The voltage at the non-inverting input will be $R_2 \times I_2$ where $I_2$ is the current flowing through $R_2$

$V_+ =I_2R_2$ (i)

If the current flowing into the non-inverting input is negligible, then:

$I_2 = I_1 + I_3$ (ii)

Using (ii) to emliminate $I_2$ from (i): we get

$V_+ =R_2(I_1 + I_3)$ (iii)

Since the voltage across $R_1$ is $V_{ref} - V_+$, the current flowing through $R_1$ will be:

$I_1 = \dfrac{V_{ref} - V_+}{R_1}$ (iv)

Similarly, the current through $R_3$ will be:

$I_3 = \dfrac{V_{out} - V_+}{R_3}$ (v)

Using (iv) & (v) to eliminate $I_1$ and $I_3$ from (iii) gives:

$V_+ = R_2\Bigg(\dfrac{V_{ref} - V_+}{R_1} + \dfrac{V_{out} - V_+}{R_3}\Bigg)$ (vi)

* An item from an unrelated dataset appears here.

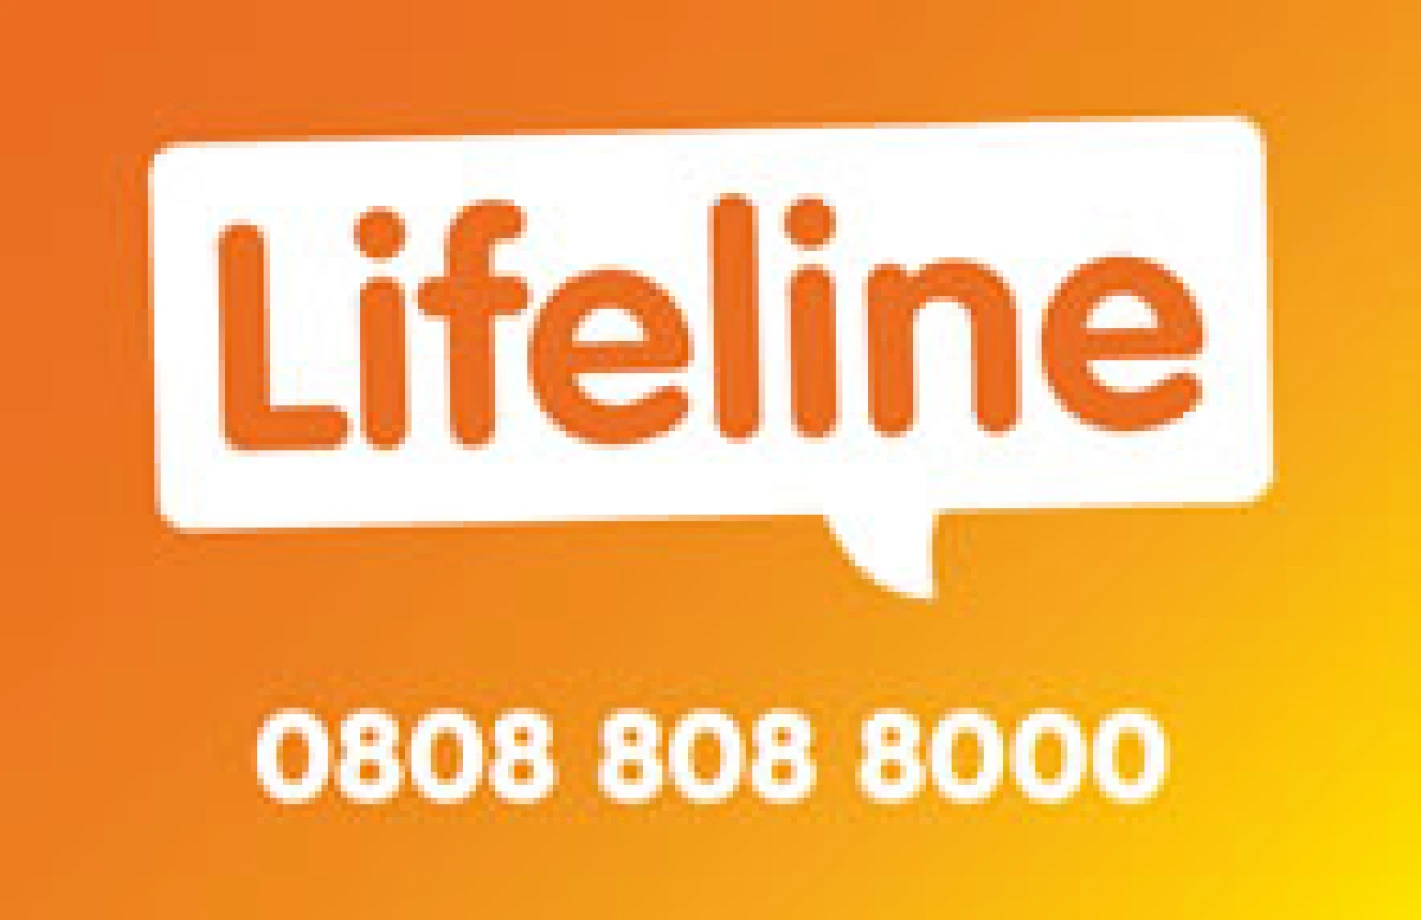 Lifeline is there to help over the holidays

The output will change state when the voltage at the inverting input crosses the voltage at the non-inverting input. The voltage at the non-inverting input is therefore the threshold voltage, $V_T$:

$V_T = R_2\Bigg(\dfrac{V_{ref} - V_T}{R_1} + \dfrac{V_{out} - V_T}{R_3}\Bigg)$ (vii)

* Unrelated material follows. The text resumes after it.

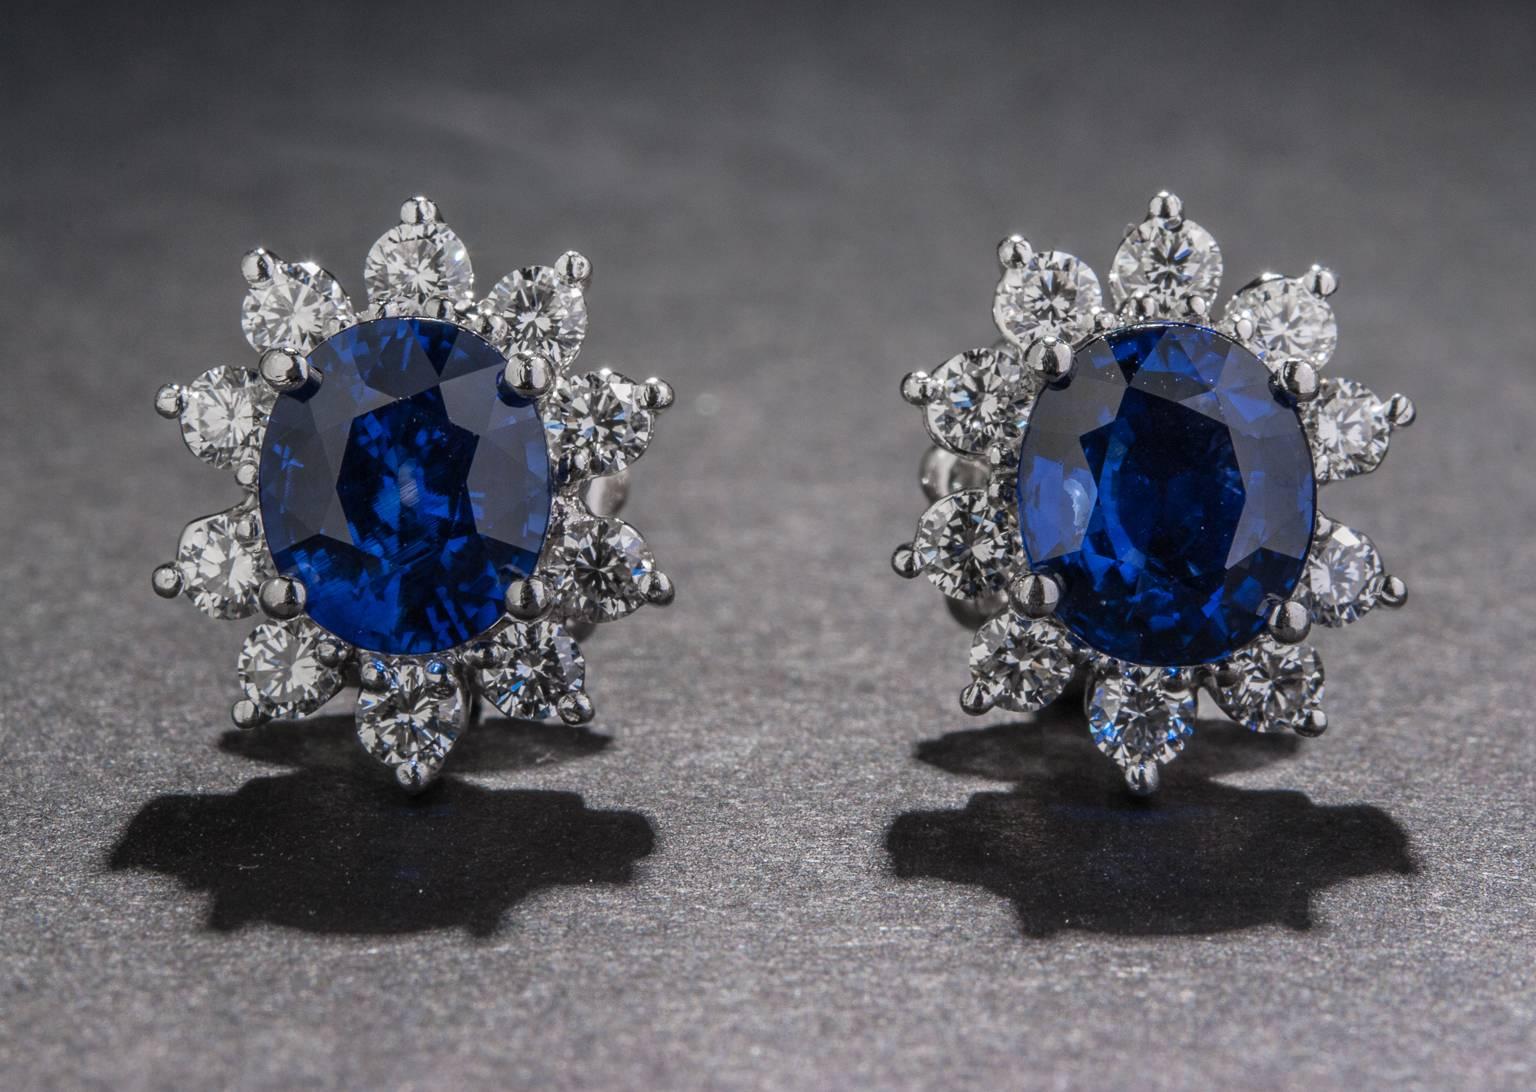 An absolutely beautiful pair of sapphire and diamond earrings. The two oval cut medium blue sapphires weigh a combined total of 4.10 carats and they are flanked by 1.10 total carats of bright accent diamonds which surround each sapphire like the

This looks like an equation with three unknowns. However, we are interested in the ratios of the resistor values rather than the values themselves so we really only have two unknowns.

Make the substitution $\alpha = \dfrac{R_2}{R_1}$ and $\beta =\dfrac{R_2}{R_3}$ to get:

$V_T = \alpha \big( V_{ref} - V_T \big) + \beta \big( V_{out} - V_T \big)$

Now re-arrange to make $\alpha$ the subject:

$V_T - \beta \big( V_{out} - V_T \big) = \alpha \big( V_{ref} - V_T \big)$
$\alpha = \dfrac{V_T + \beta \big( V_T - V_{out} \big)}{\big( V_{ref} - V_T \big)}$

Now consider the case where the output is high, $V_{out} = V_{OH}$, and the threshold, $V_{T} = V_{HT}$:

$\alpha = \dfrac{V_{HT} + \beta \big( V_{HT}- V_{outH} \big)}{\big( V_{ref} - V_{HT} \big)}$ (viii)

Similarly, when the output is low, $V_{out} = V_{OL}$, and the threshold, $V_{T} = V_{LT}$:

$\alpha = \dfrac{V_{LT} + \beta \big( V_{LT}- V_{outL} \big)}{\big( V_{ref} - V_{LT} \big)}$ (ix)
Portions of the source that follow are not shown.